- [What you are asked to do] What is needed is an exact transcription of the listing, with the images removed.

- [Data excerpt]
:::

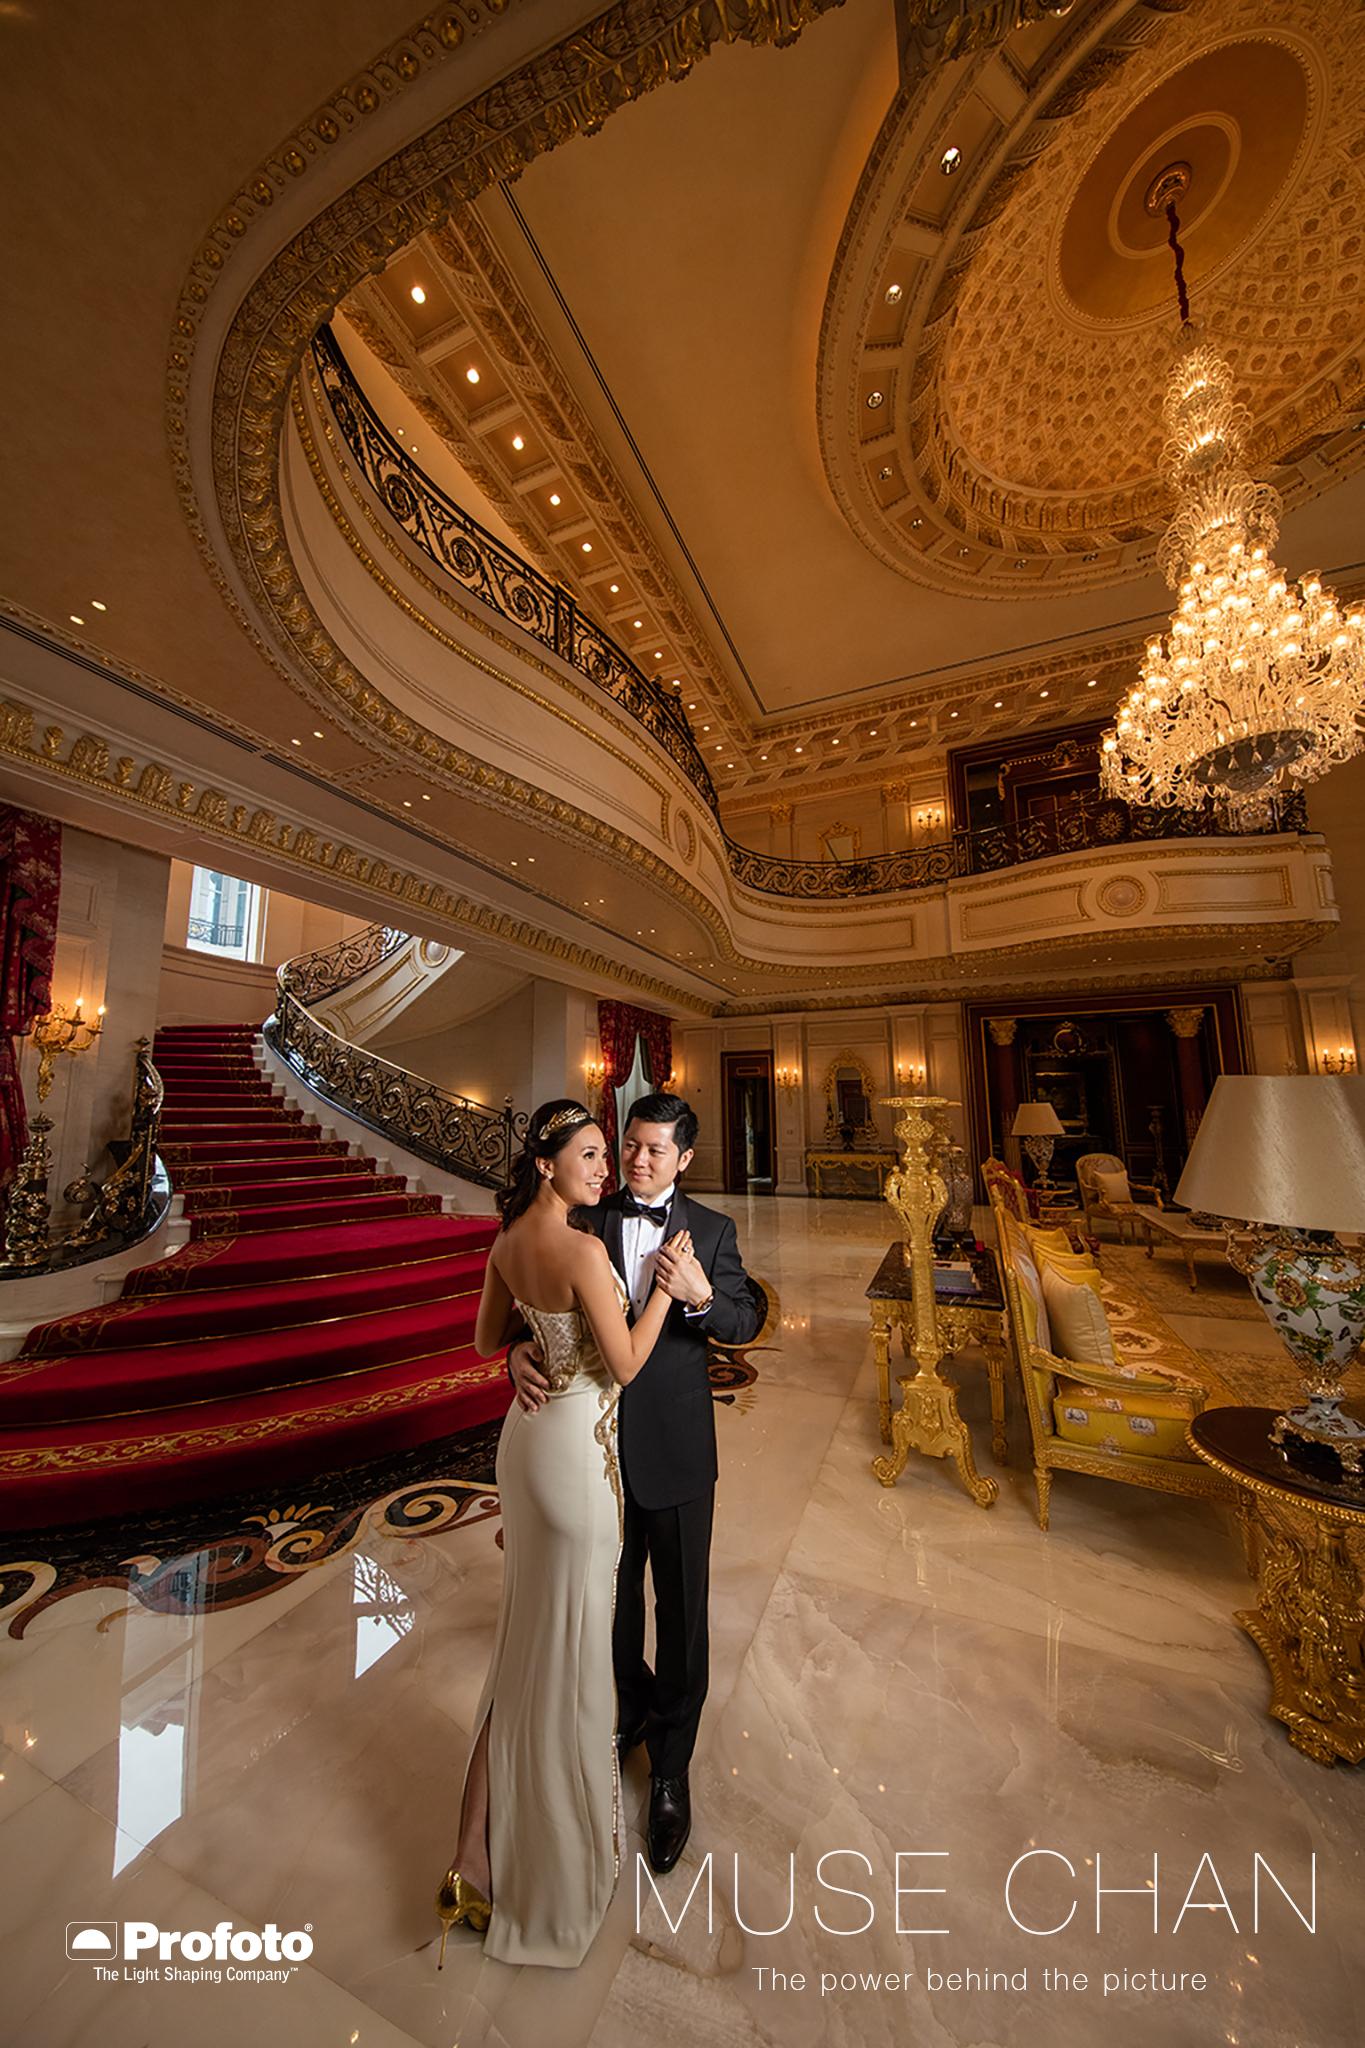 Leakhena 家中的大廳設計實在非常的美麗,用金碧輝煌來形容就最貼切了,我最喜歡便是那條長長的樓梯呢!
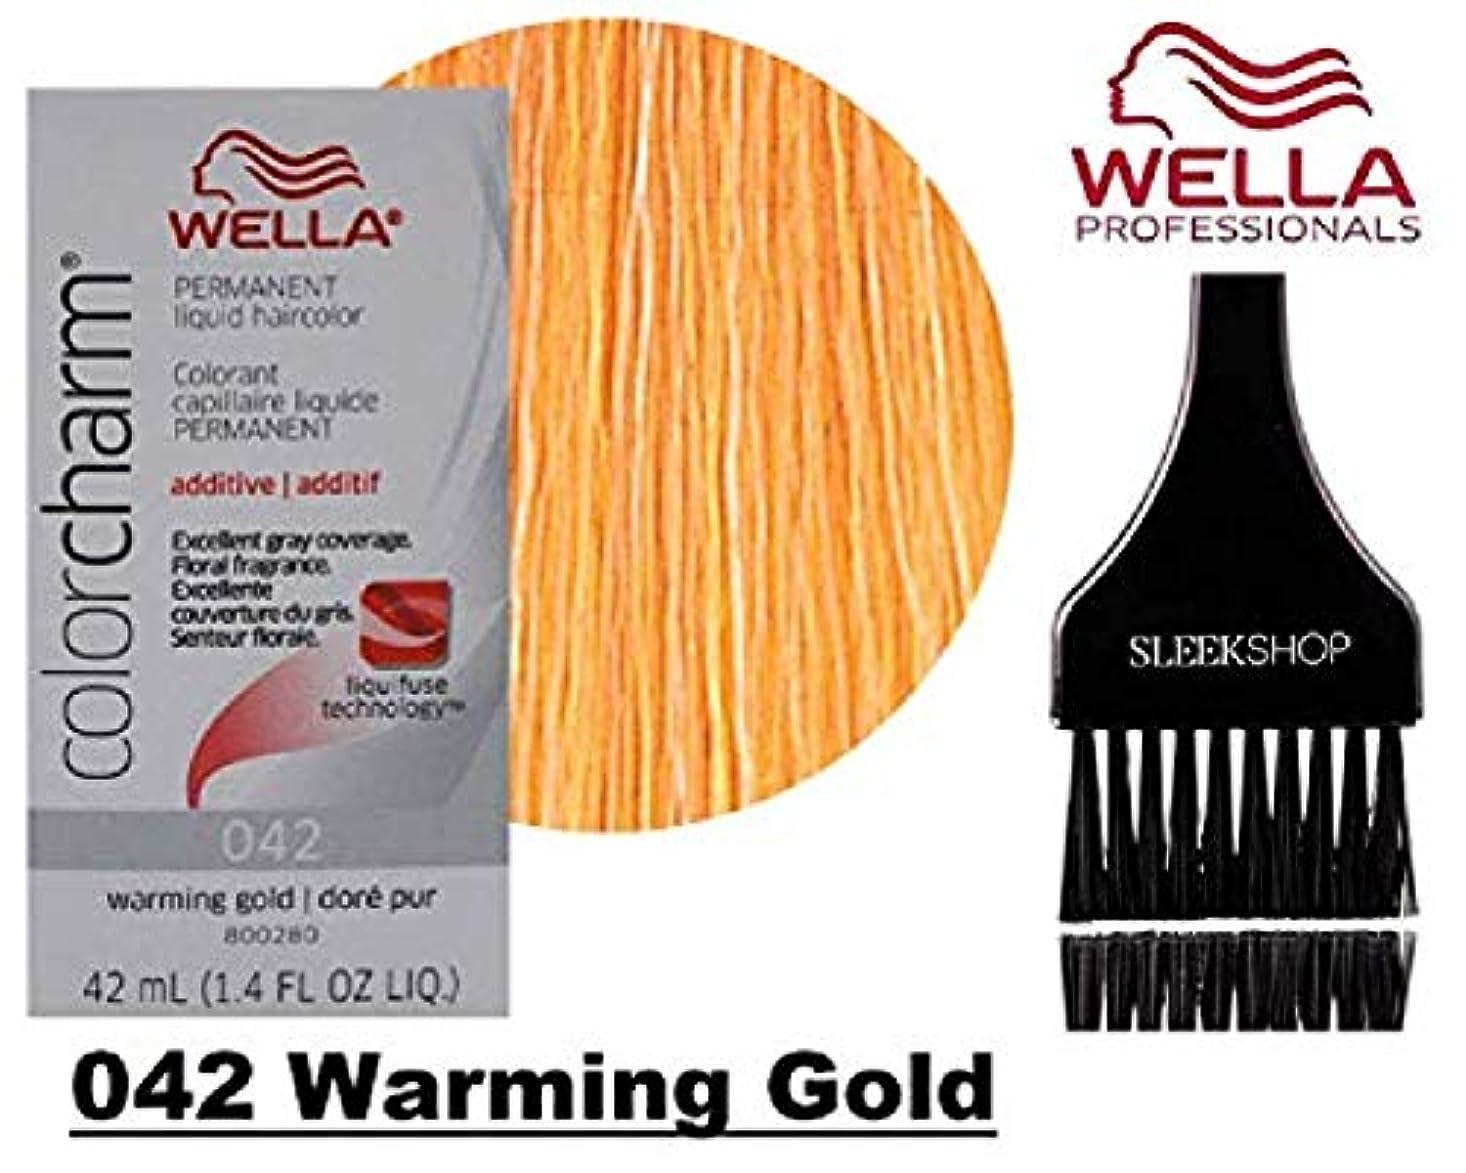 ナインへ鉄道駅生産性Coty Wella ウエラカラーチャームパーマネントリキッドヘアカラー(なめらかな色合いブラシ)優れたグレーカバレッジ、花の香り、1:2の混合比ヘアカラー色素 042温暖化ゴールド。
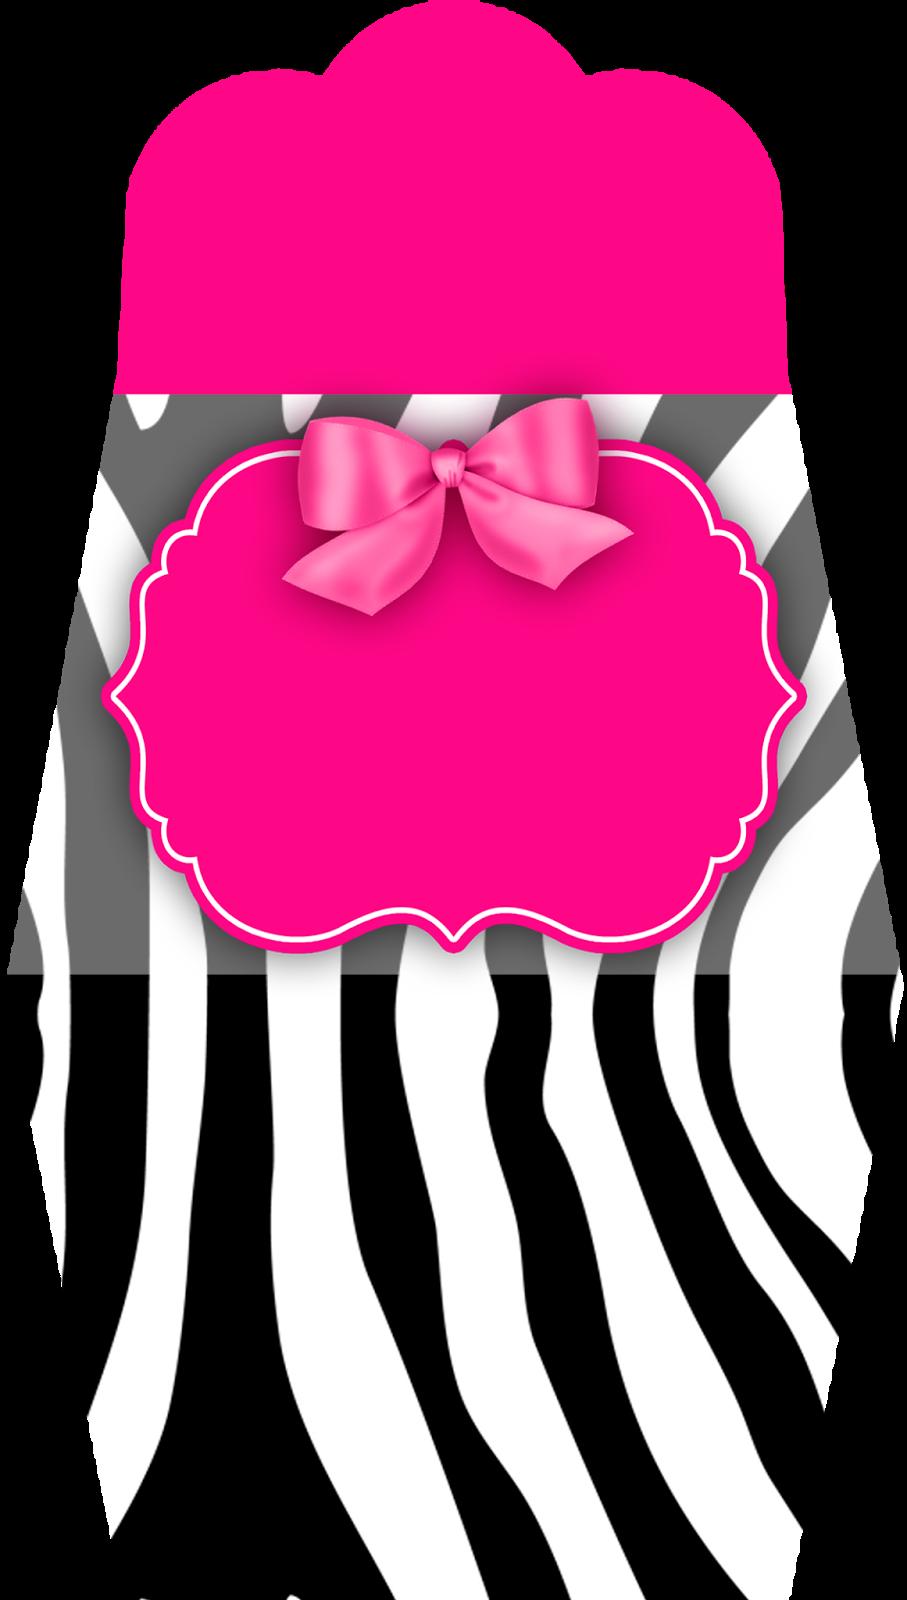 Montando minha festa: Zebra rosa e preto   Zebra e rosa   Pinterest

:::

- [Expected answer]
 Leakhena 家中的大廳設計實在非常的美麗,用金碧輝煌來形容就最貼切了,我最喜歡便是那條長長的樓梯呢!
 ナインへ鉄道駅生産性Coty Wella ウエラカラーチャームパーマネントリキッドヘアカラー(なめらかな色合いブラシ)優れたグレーカバレッジ、花の香り、1:2の混合比ヘアカラー色素 042温暖化ゴールド。
 Montando minha festa: Zebra rosa e preto   Zebra e rosa   Pinterest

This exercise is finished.